The Granger Collection / Cordon Press

A principios del siglo III a.C., Egipto era, con diferencia, el más rico de los diferentes Estados en los que se había dividido el Imperio de Alejandro Magno. Los reyes del país, descendientes de Ptolomeo I, lugarteniente del gran conquistador, disfrutaban de una enorme opulencia gracias a la abundancia de productos agrícolas que recibían de las tierras del Nilo y que exportaban a través del Mediterráneo. Su corte se hallaba en Alejandría, desde donde, rodeados de una élite griega, gobernaban a la gran mayoría de población egipcia.

La ciudad había sido fundada en 331 a.C. por Alejandro Magno, de quien los Ptolomeos se consideraban herederos. Así lo demostraba el hecho de que el cuerpo de Alejandro, al que se veneraba como un dios, estaba en la ciudad, adonde lo había traído Ptolomeo I. Pero los faraones griegos de Egipto no se conformaban con la riqueza; también buscaban prestigio, y uno de los medios para lograrlo era la cultura. 

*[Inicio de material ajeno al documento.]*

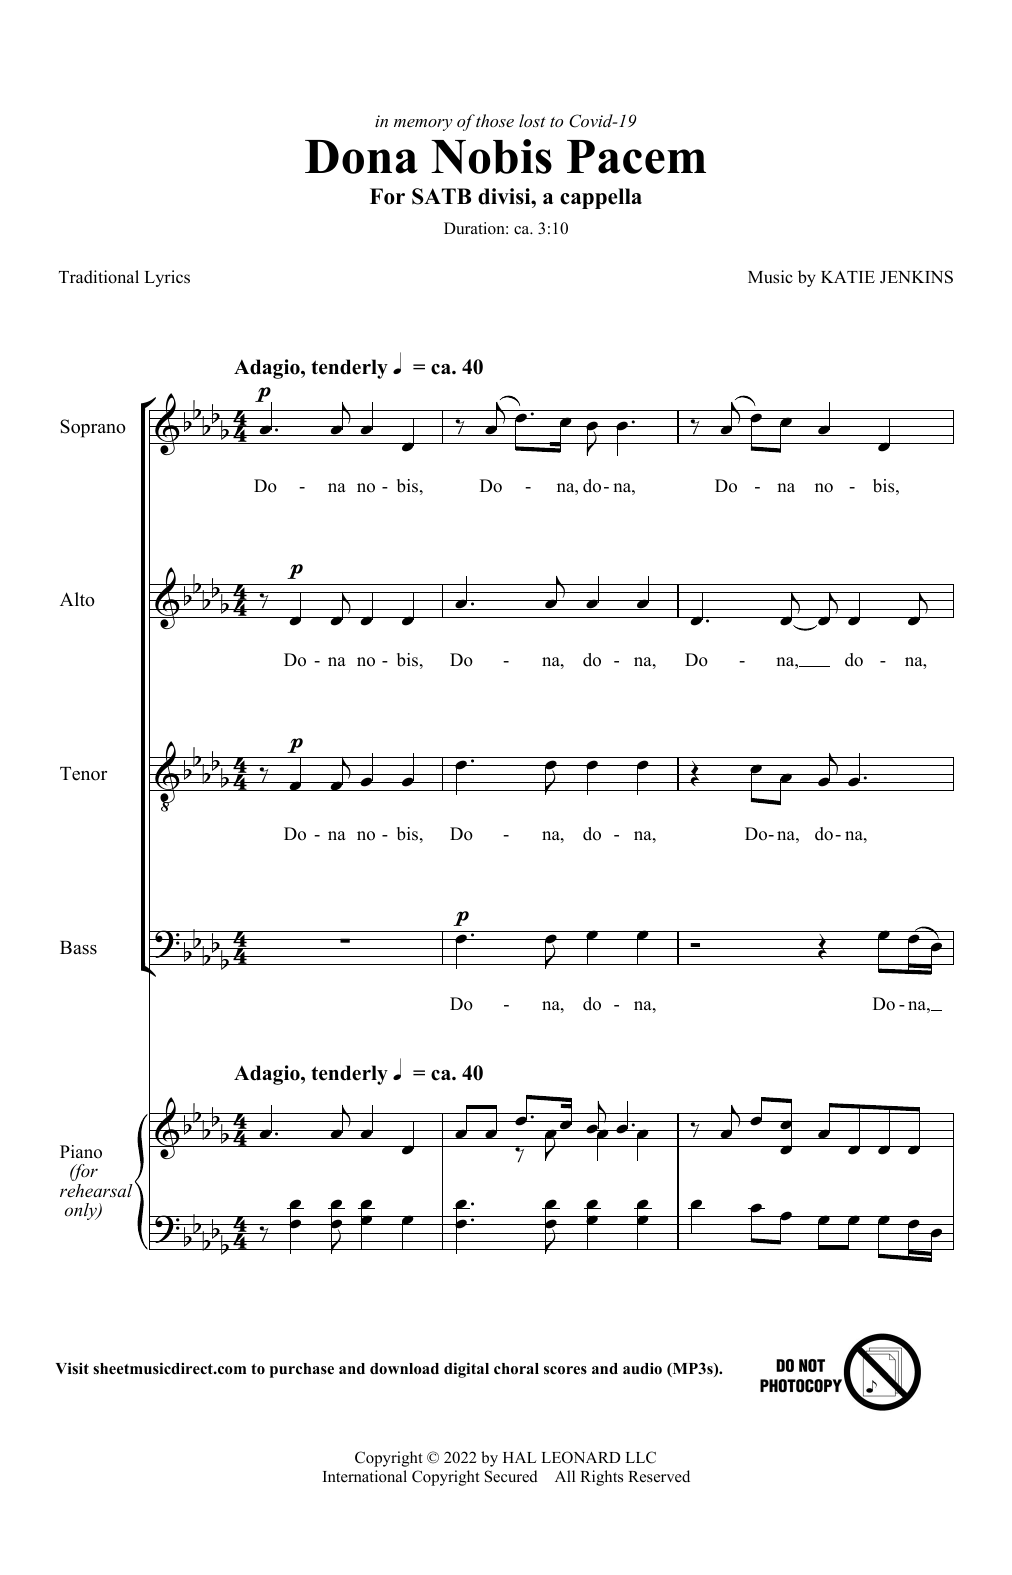 Katie Jenkins Dona Nobis Pacem Sheet Music Notes & Chords for SATB Choir - Download or Print PDF

Fue así como, partir del siglo III a.C., Alejandría se convirtió en el más importante centro cultural griego, desplazando incluso a Atenas. Literatos, científicos y artistas acudían a la corte ptolemaica en busca de libros, maestros o intercambios con otros eruditos, y desde allí el saber de la civilización helénica irradiaba por todo el Mediterráneo e incluso más allá. Los Ptolomeos acogieron a científicos, filósofos o literatos, de los que esperaban que hicieran brillar su nombre por todo el mundo helenístico. Para albergar a estos sabios edificaron el Museo, el «templo de las Musas», situado en el barrio de Bruquión, cerca del mar y no lejos de la tumba de Alejandro y del palacio real. 

Científicos y artistas de las regiones más remotas acudían a la corte ptolemaica en busca de libros, maestros o intercambios con otros eruditos, y desde allí irradiaban el conocimiento helénico por todo el Medterráneo.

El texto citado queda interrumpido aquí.